CIANJUR, CEKLISSATU - Warga terdampak musibah gempa bumi di Kampung Baru Kaso, Desa Sukamulya, Kecamatan Cugenang, Kabupaten Cianjur kini membutuhkan pasokam bantuan air bersih.

Pasalnya, gempa yang berpusat di Kabupaten Cianjur berkekuatan magnitudo 5,6 itu tak hanya menghancurkan bangunan sekolah maupun rumah, namun juga berimbas pipa saluran air dan sejumlah mata air di wilayah tersebut. 

Salah satu warga yang mngungsi bernama Entin (58) mengaku para pengungsi selama ini hanya mengandalkan air bersih dari satu pipa yang tersisa. 

"Kami hanya mengandalkan air yang mengalir di satu pipa kecil. Pipa lainnya rusak karena dari sumbernya di atas tertimbun longsor akibat gempa," ucapnya pada Rabu, 23 November 2022. 

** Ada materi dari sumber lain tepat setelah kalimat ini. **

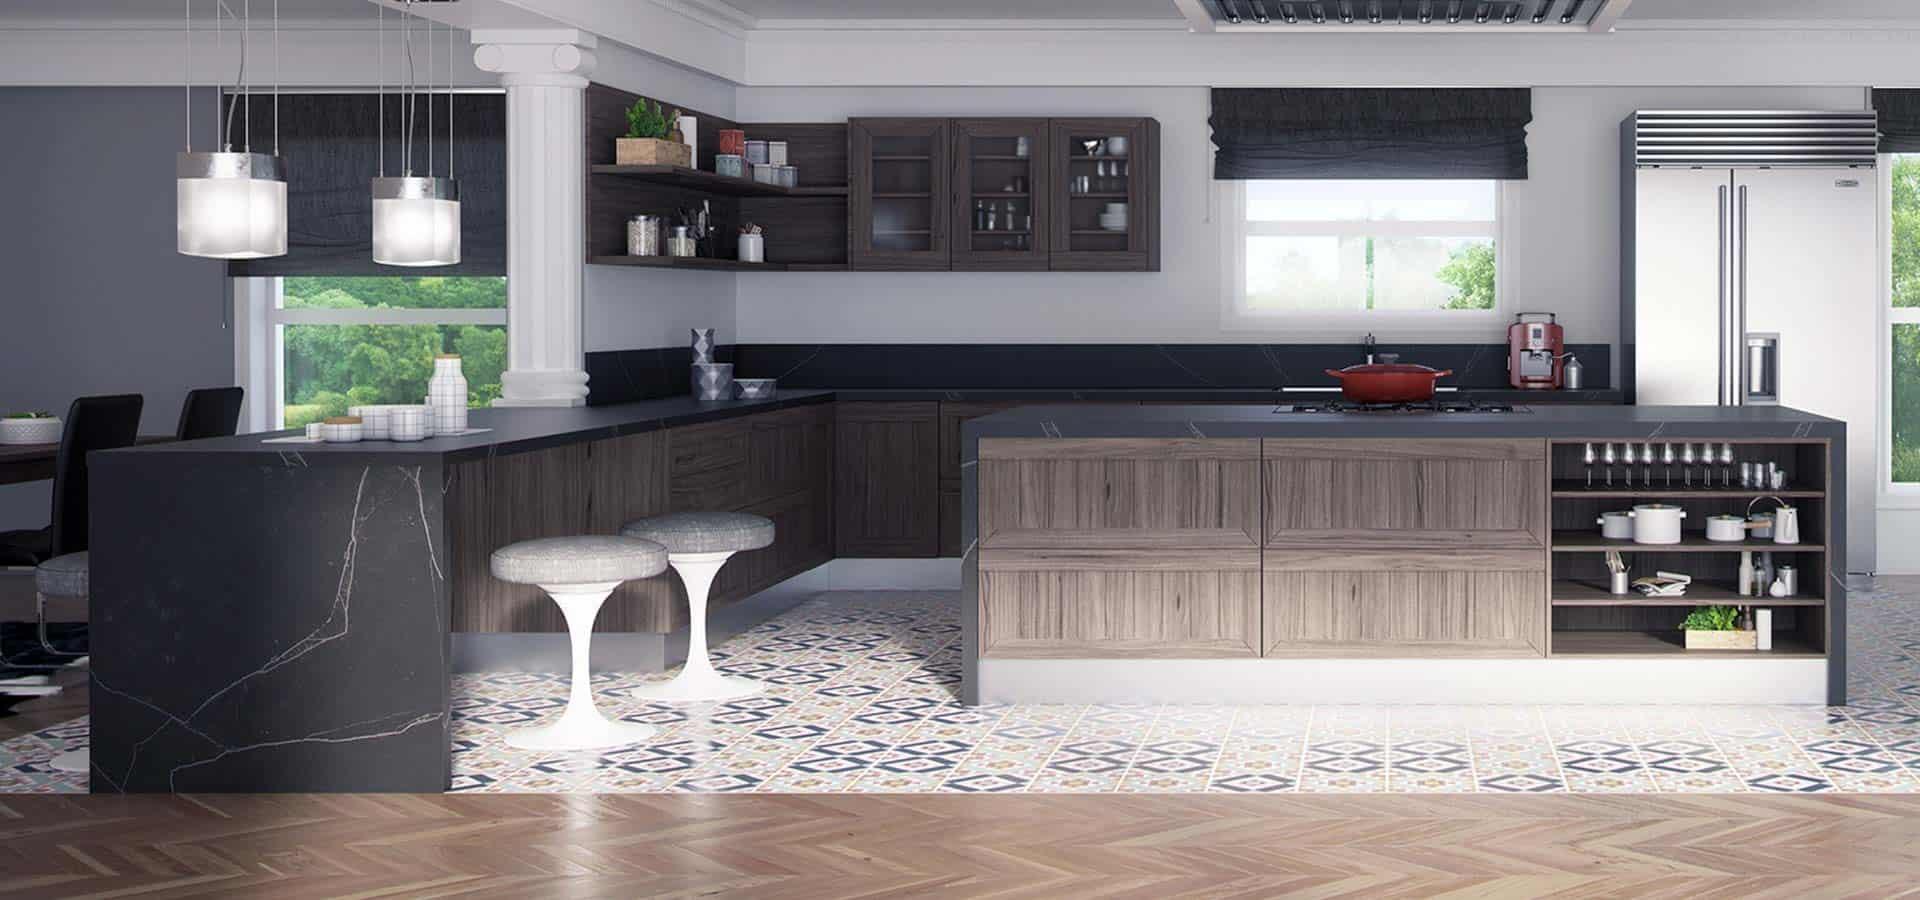 Cocinas de madera2

Saat ini, para pengungsi terpaksa harus bergantian untuk mendapatkan air guna memenuhi kebutuhan minum dan mencuci. "Ya harus gantian. Air juga kadang suka ngalir kecil. Itu biasanya di atas ada yang pakai juga," ungkapnya.

Senada, Hasnah (51) mengatakan sampai hari ini belum ada bantuan sarana air bersih, sehingga dirinya pun kesulitan untuk memasak air, mencuci pakaian dan mandi. 

Baca Juga : Cegah Keluarga Miskin Baru, Menko PMK Berharap PHK Jadi Jalan Terakhir

"Ada sumur umum buat mandi sama buang air besar (BAB), tapi jaraknya jauh ada di bawah. Aksesnya juga sulit dijangkau. Jadi kalau malem itu ga ada yang berani kesana," ujarnya.

Selain sulit dijangkau, warga juga harus antre untuk membersihkan badan dan buang air besar, sebab sumur itu dimanfaatkan hampir oleh satu kampung yang kini tinggal di tenda pengungsian. 

"Sekarang tim relawan sedang bikin WC umum, tapi yang jadi kendalanya ga ada sumber airnya," jelasnya.

Ketua Karang Taruna Kecamatan Cugenang, Asep Arya menuturkan bahwa desa di Kecamatan Cugenang yang mengalami kerusakan paling parah akibat gempa yakni di Sukamulya, Cirumput, dan Desa Benjol.

"Kalau untuk Desa Sukamulya dampak paling parah di Kampung Baru Kaso, RW 05 dan RW 04. Apalagi di RW 04 ini, dari total 152 unit, yang masih berdiri hanya 15 rumah. Itu pun sudah tidak layak huni karena mengalami retak," jelasnya.

"Selebihnya rusak parah hingga rata dengan tanah. Dan lebih dari 100 orang luka berat hingga ringan. Bahkan ada 5 orang meninggal dunia," sambung Asep yang juga warga Kampung Baru Kaso.

Masih kata Asep, seluruh warga di Kampung Kaso saat ini sudah mengungsi baik secara mandiri maupun di tenda pengungsian yang didirikan oleh pemerintah melalui relawan. 

"190 KK yang mengungsi di kampung ini yang mengungsi. Hanya saja saat ini para pengungsi membutuhkan WC darurat, lampu penerangan, air bersih, dan petugas medis," imbuhnya.

Hingga kini, penanganan korban gempa dan penyaluran bantuan logistik di kampung ini tergolong telat karena lokasinya berada daerah paling ujung dan di bawah kaki Gunung Gede Pangrango. "Penanganan dan penyaluran bantuan itu terhambat di bawah,"katanya.